Many of those facing financial straits similar to the Jafollas don't want to discuss their situation. For many, the prospect of death and the financial impact of paying for a catastrophic illness borders on the taboo.

But Robin Jafolla agreed to discuss her decision because she thinks that many people like herself facing ruin don't realize that during a terminal illness, a life insurance policy can become a crucial source of money.

"People with terminal illnesses often are faced with making a choice among food, shelter and medicine," said William E. Kelley, the executive director of the Viatical Association of America in Washington.

Faced with no money, the terminally ill will sometimes think they have no choice but to forgo their life insurance premium and let their policy lapse, he said.

Viaticals allow those in these circumstances to turn that policy into cash, said Kelley.

"It resolves the dilemma about food, shelter or medicine," he said.

The industry got its start about 12 years ago, and really took off with the AIDS epidemic as many of those suffering from the fatal disease found themselves unable to work but living for several years with a costly catastrophic disease, said Kelley.

Life insurance policies provided an asset that, in some instances, could prevent the further indignity of a sick person using his last cent.

With the medical advances of the 1990's, those suffering from the disease are living longer.

As a result, the original strength of the market for the insurance policy of AIDS patients has weakened.

But the need -- the financial plight of people suffering from lengthy and expensive catastrophic diseases -- has not gone away.

Still, regulators and consumer advocates warn that such sales demand extreme caution.

"There is a whole lot of room for abuse here," said Susanne Murphy, Florida's deputy insurance commissioner. "One of the reasons why a viatical settlement was passed [in 1996] was that the population was deemed a vulnerable population."

In many instances, a life insurance policy was purchased to provide death benefits to those who would be hurt by the economic loss associated with death.

That need should still be considered before any move is made to sell off a policy.

"Viatication should be a last resort," said Gloria Wolk, an advocate in Laguna Hill, Calif., who has published two books on viaticals.

Those companies offering viaticals typically pay far less than the face value of a policy.

"Few people will get more than . . . 60 percent," she said.

The reason that a broker arranging such a purchase will pay so much less than the face value of a policy reflects the fact that a life insurance policy's benefit received in the future is worth less than it would be today.

The purchaser of the right to collect on the death benefit of a policy is also making an assessment of the realistic life expectancy of the person on whom the policy is drawn.

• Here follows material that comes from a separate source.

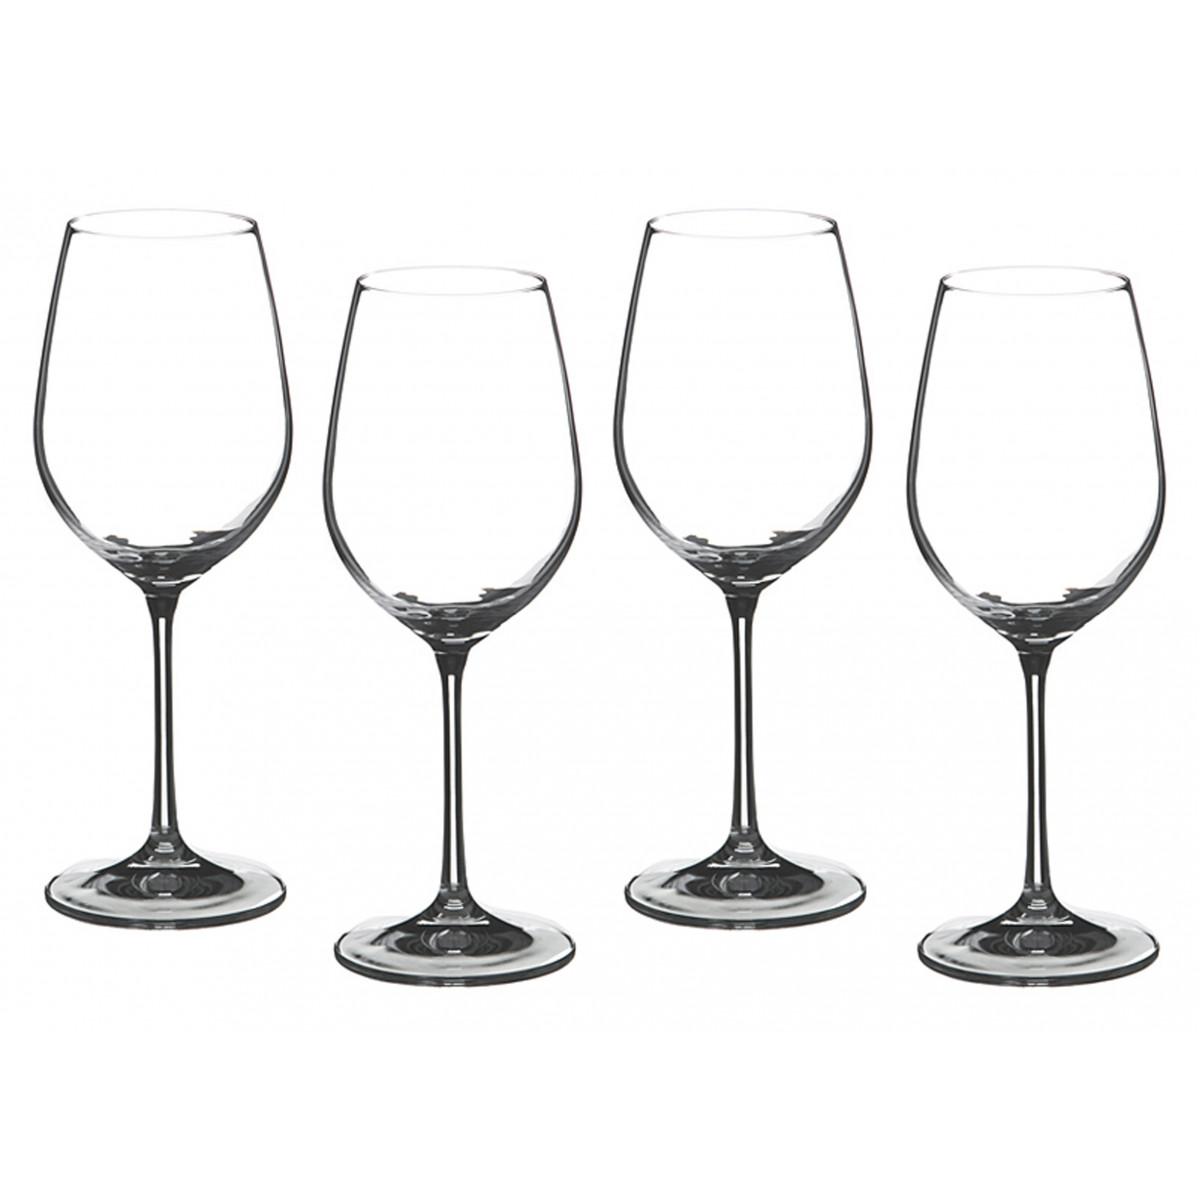 {} Bohemia Crystal Набор бокалов для вина Claud  (23 см - 4 шт) набор для кофе crystal bohemia mokko 4 предмета

As life expectancy goes down, falling for example to no more than a year or two, the value zooms up.

That's because anyone who owns the rights to collect for that policy can expect to see the face amount within a short period of time.

Bob Hunter, an expert on insurance issues for the Consumer Federation of America, thinks that there are individual circumstances where a viatical settlement makes sense.

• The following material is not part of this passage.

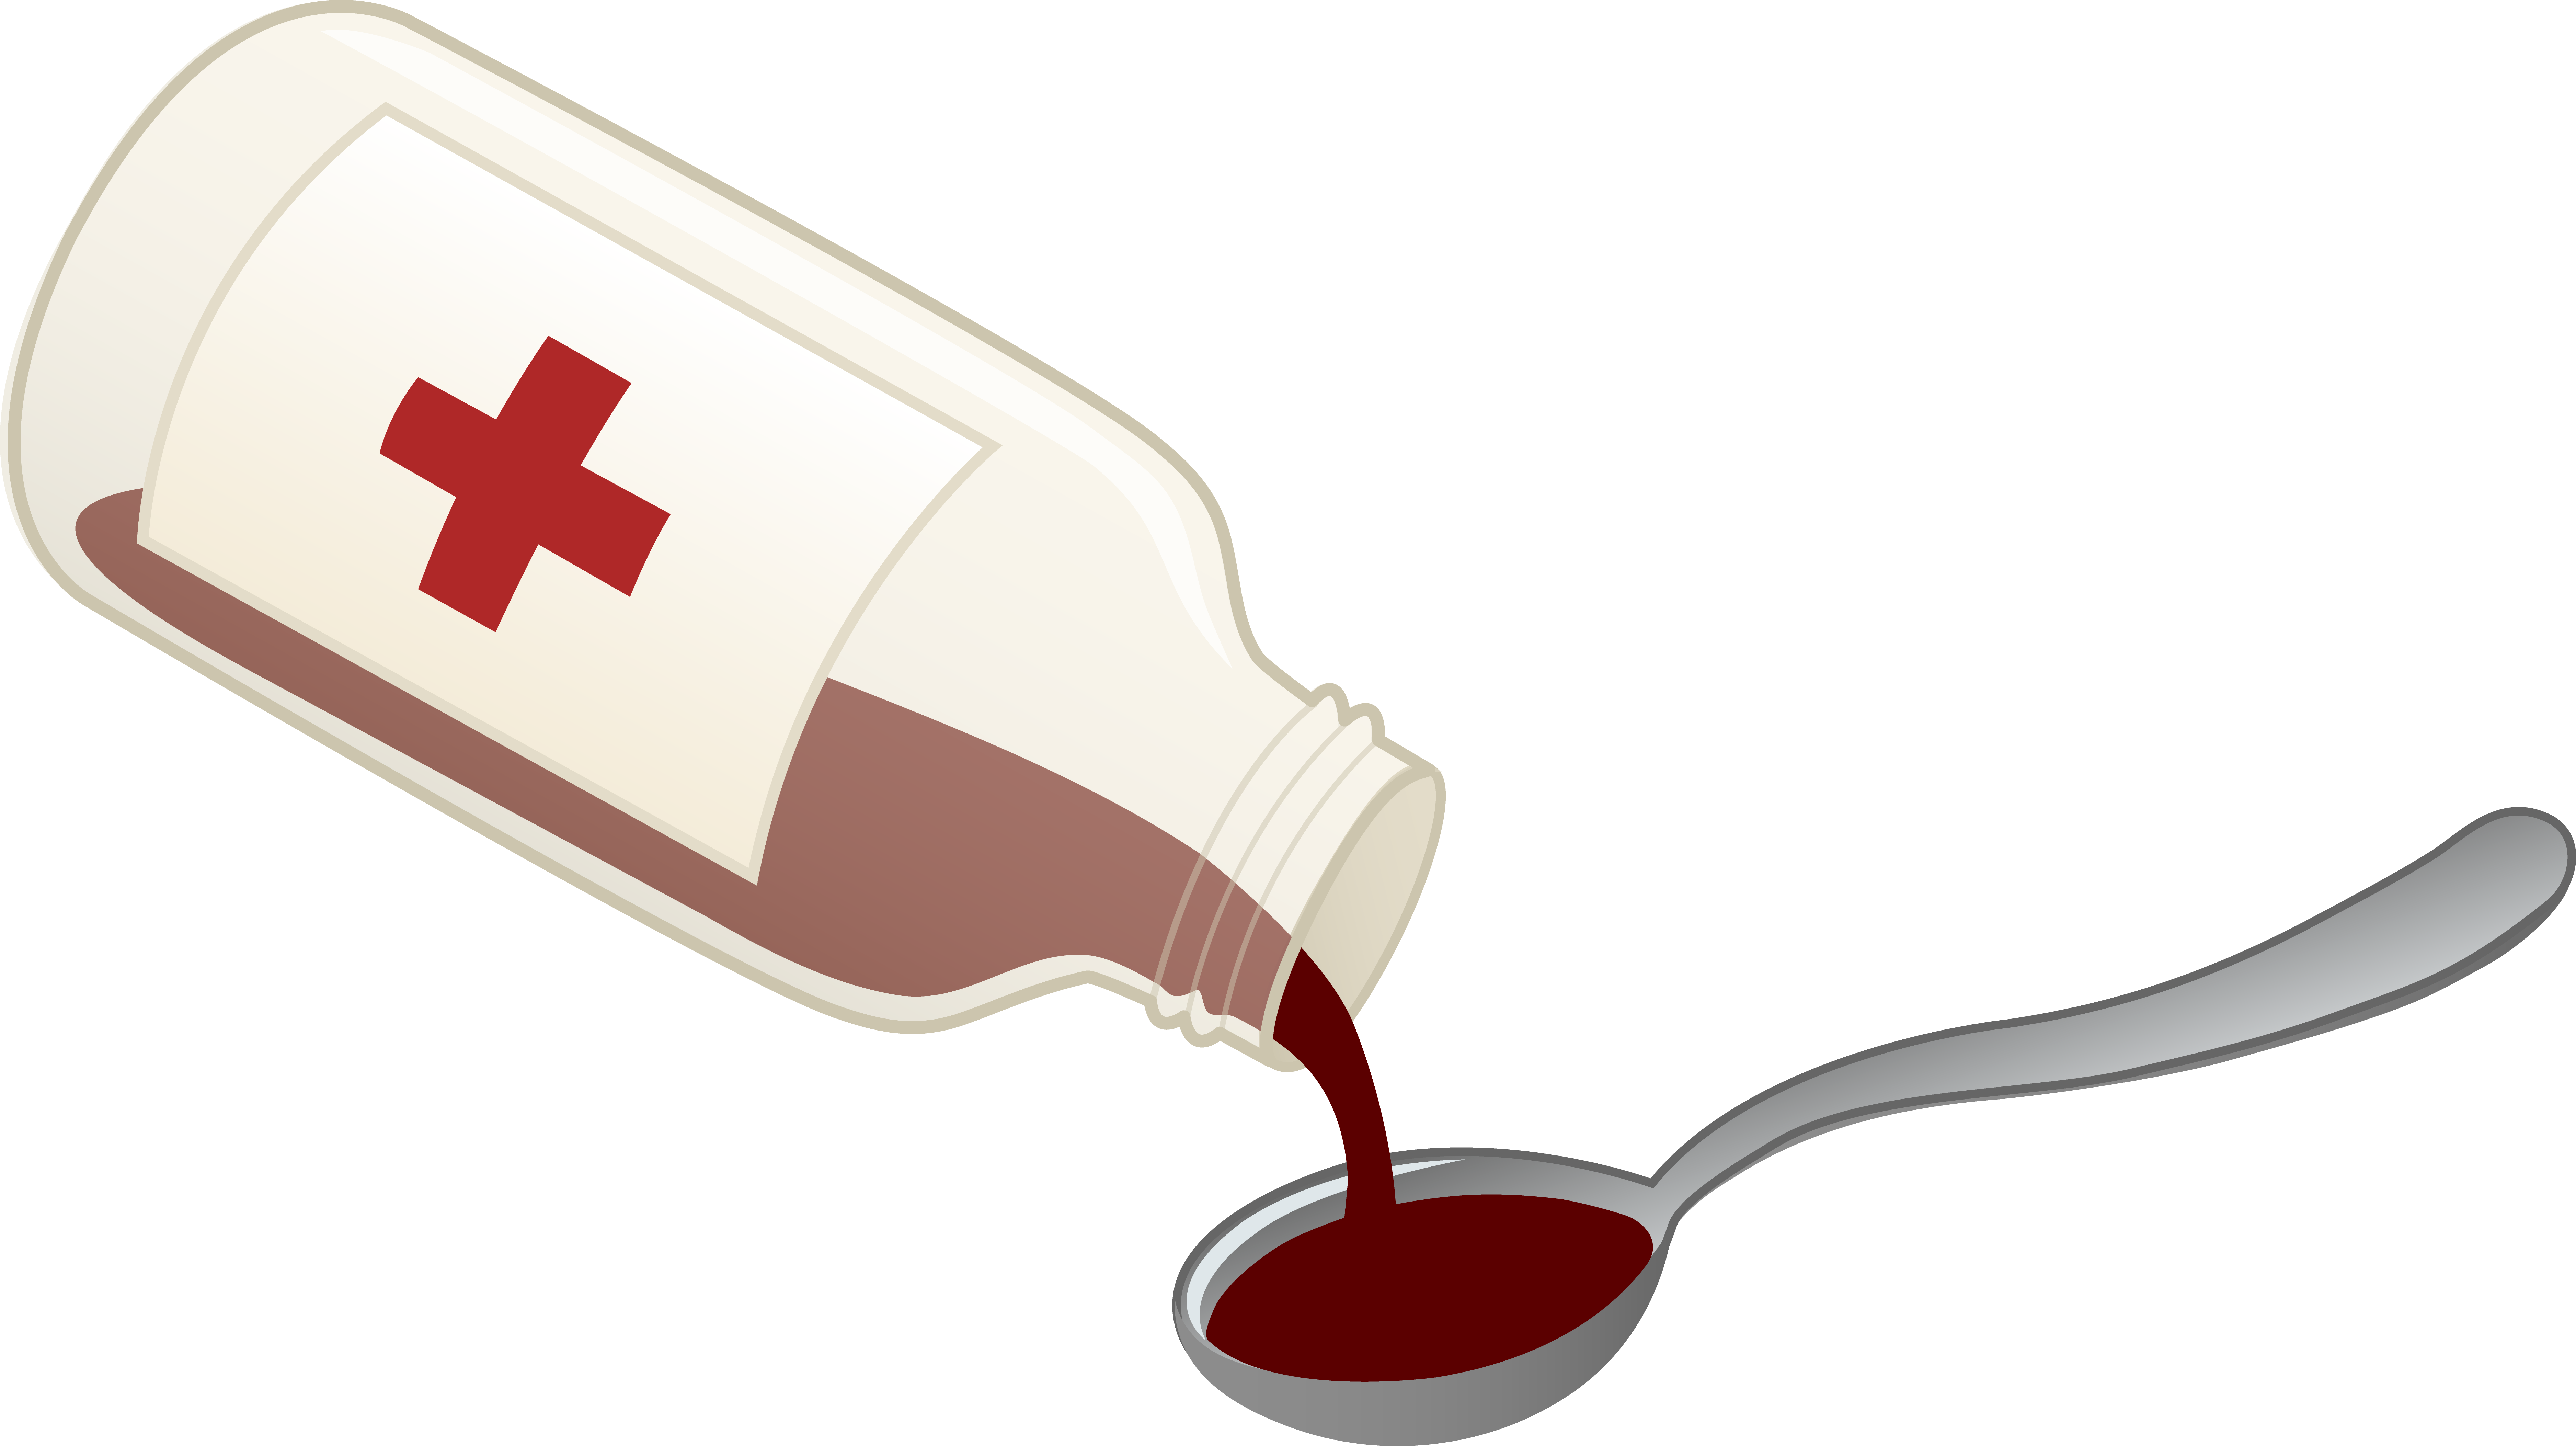 Cough clipart liquid medicine. Syrup clip art billigakontaktlinser

But the very first thing someone contemplating selling his insurance policy should do is contact the insurer and see if the company offers an accelerated benefits program, he said.

If it does, this may be a more attractive alternative, Hunter said.

If the insurer doesn't provide such a program, then a consumer needs to take precautions to avoid getting ripped off.

Despite laws, "wheeler-dealer operators" exist out there, Hunter said.

A check with the Florida Department of Insurance can reveal whether a broker has a license and whether there have been any complaints lodged against him, he said.

Then it's important to make sure that one gets several bids, he said.

Each broker deals with several different companies that use their own criteria to decide what a policy is worth. By dealing with different brokers, a person increases the chances that he or she will get a better offer, he said.

"Be incredibly careful," Hunter warned.